* **WORK INSTRUCTIONS**: Copy all data exactly. Skip pictures.

* **GIVEN INFORMATION**:
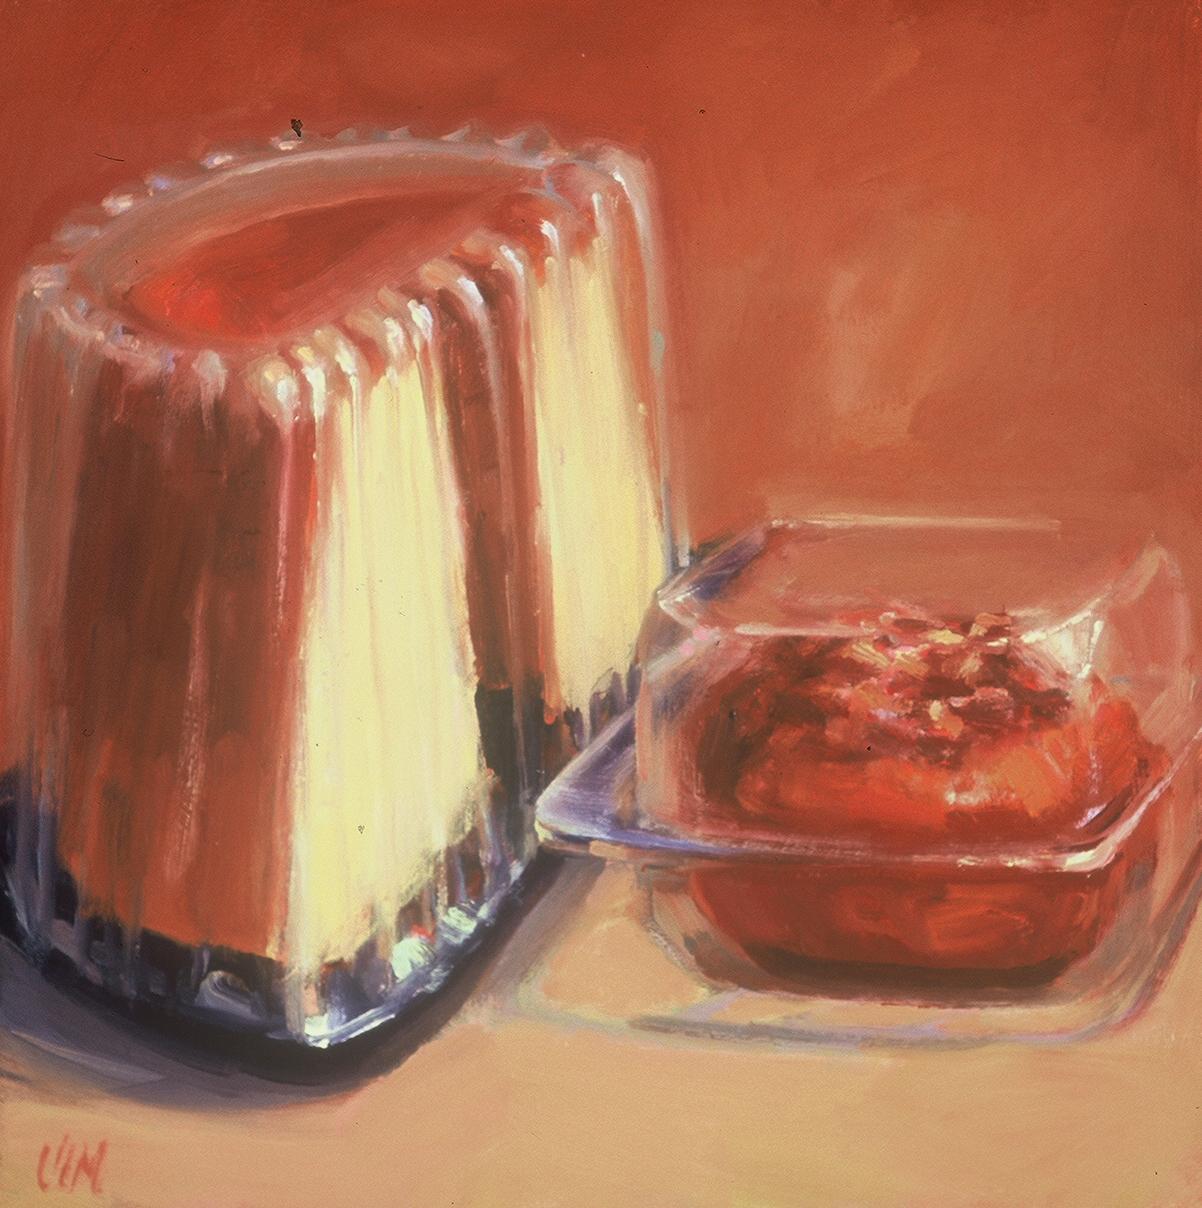 half a bundt cake
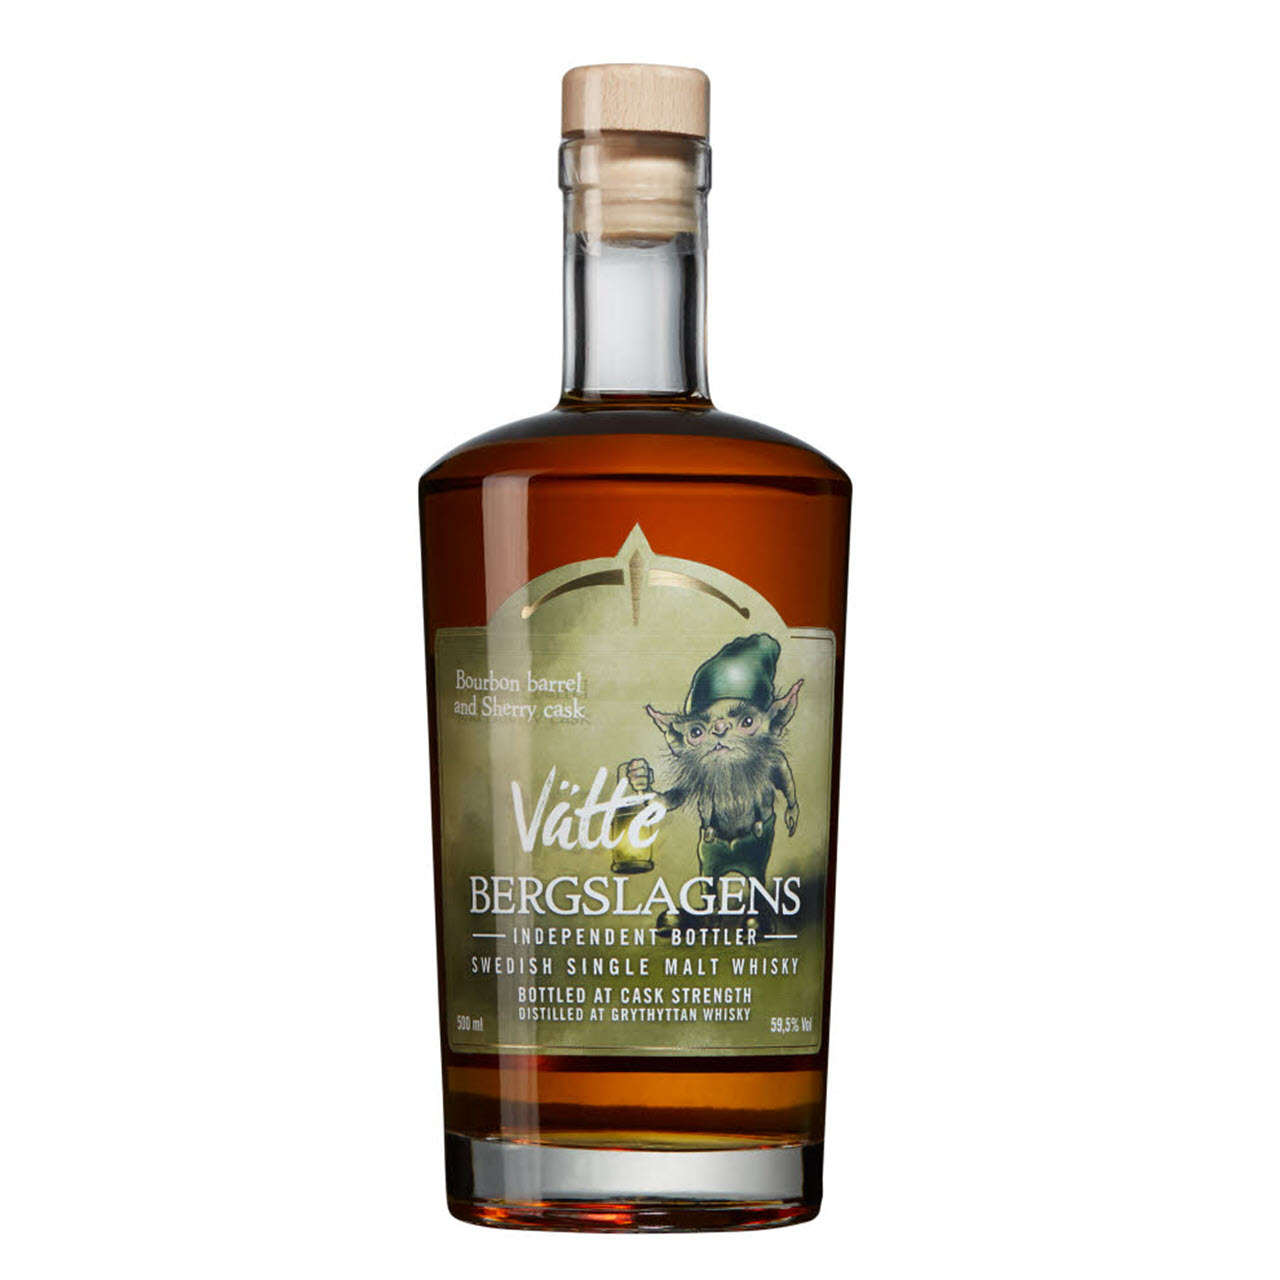 Nordic whisky #191 - Grythyttan Vätte
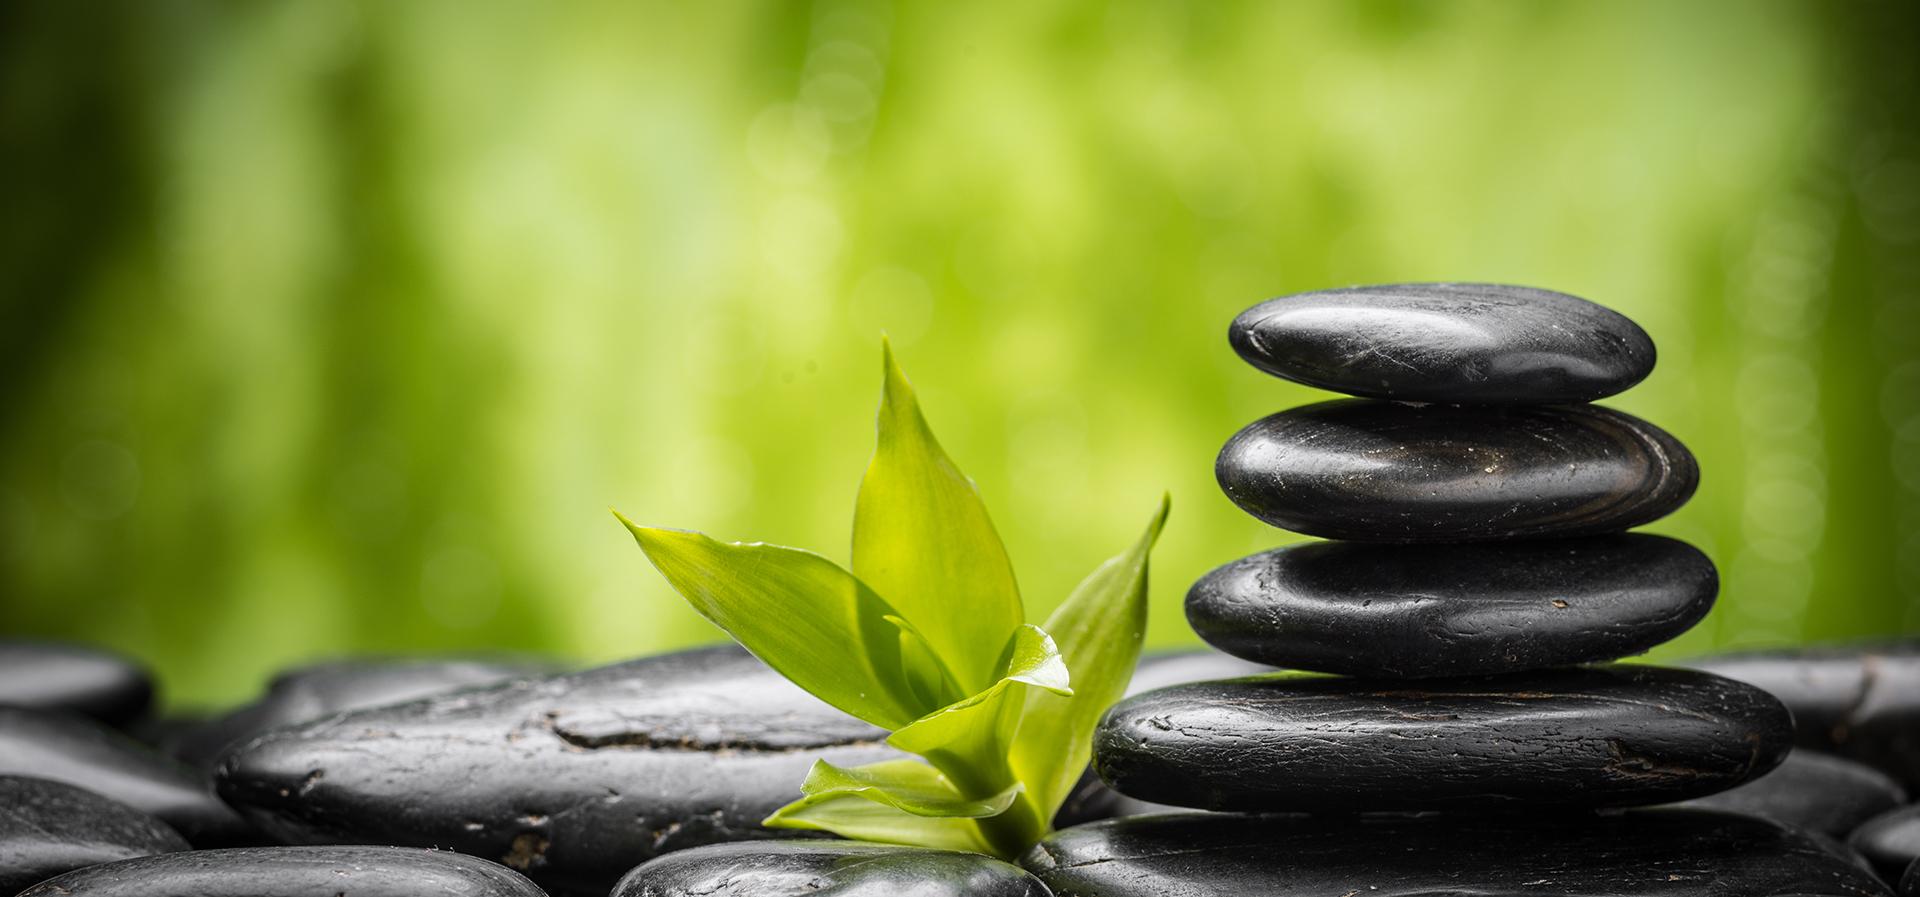 le bambou spa pierre caillou contexte balance la th u00e9rapie
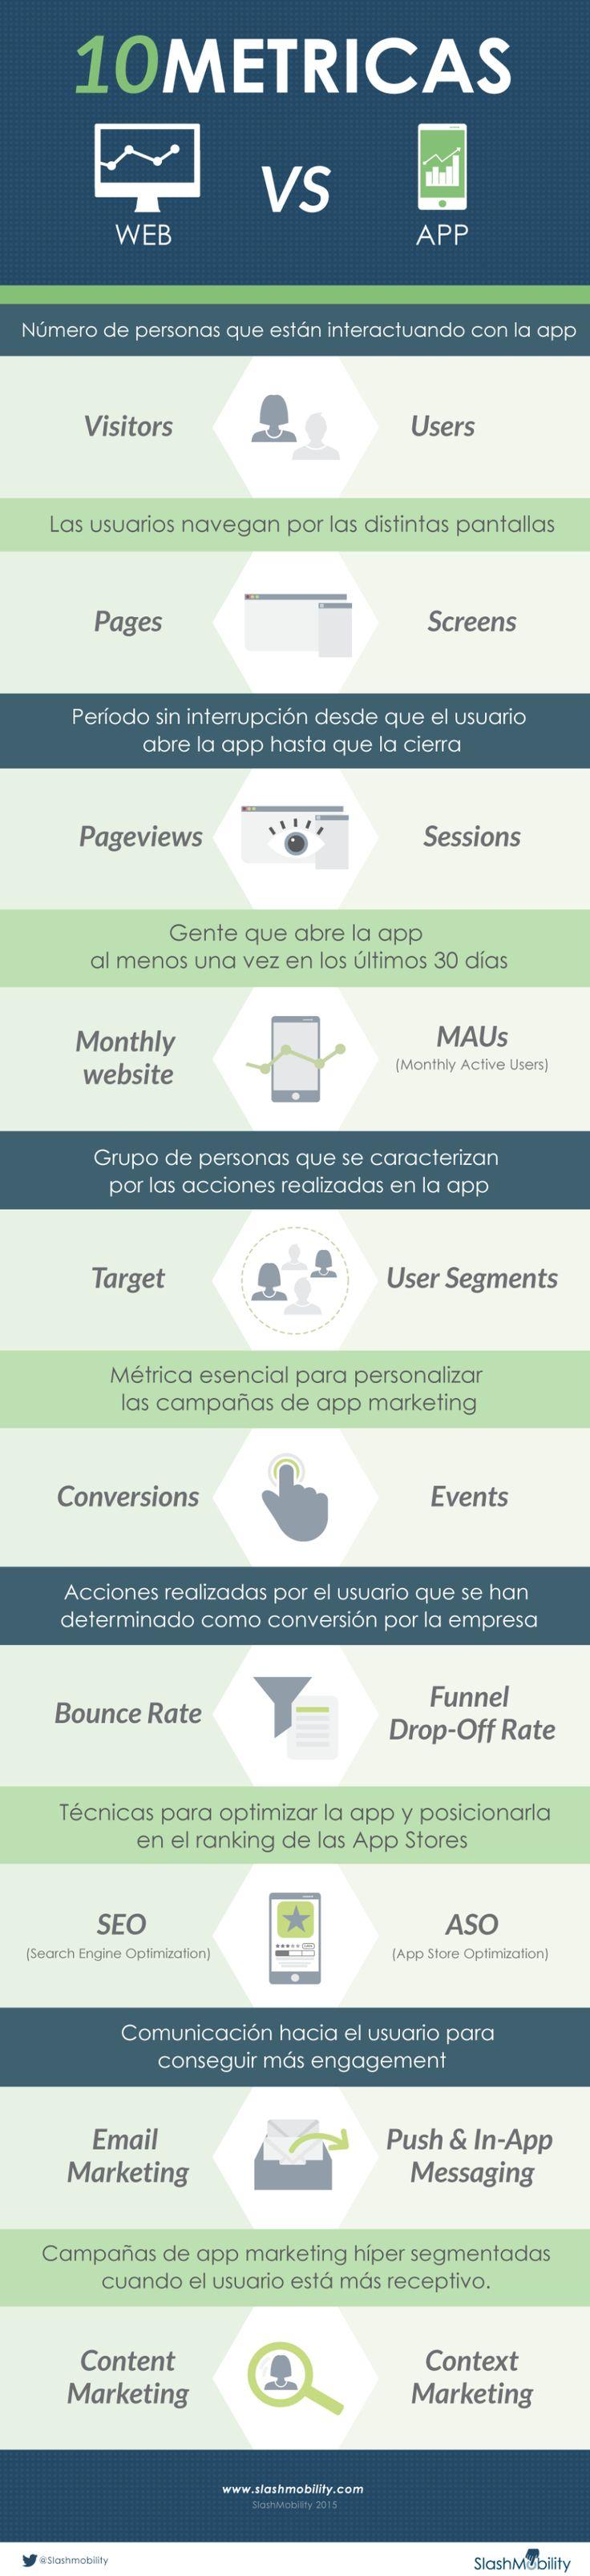 Métricas Web vs Métricas APP #infografia #infographic #marketing

* **ANSWER SPACE**:
 half a bundt cake
 Nordic whisky #191 - Grythyttan Vätte
 le bambou spa pierre caillou contexte balance la th u00e9rapie
 Métricas Web vs Métricas APP #infografia #infographic #marketing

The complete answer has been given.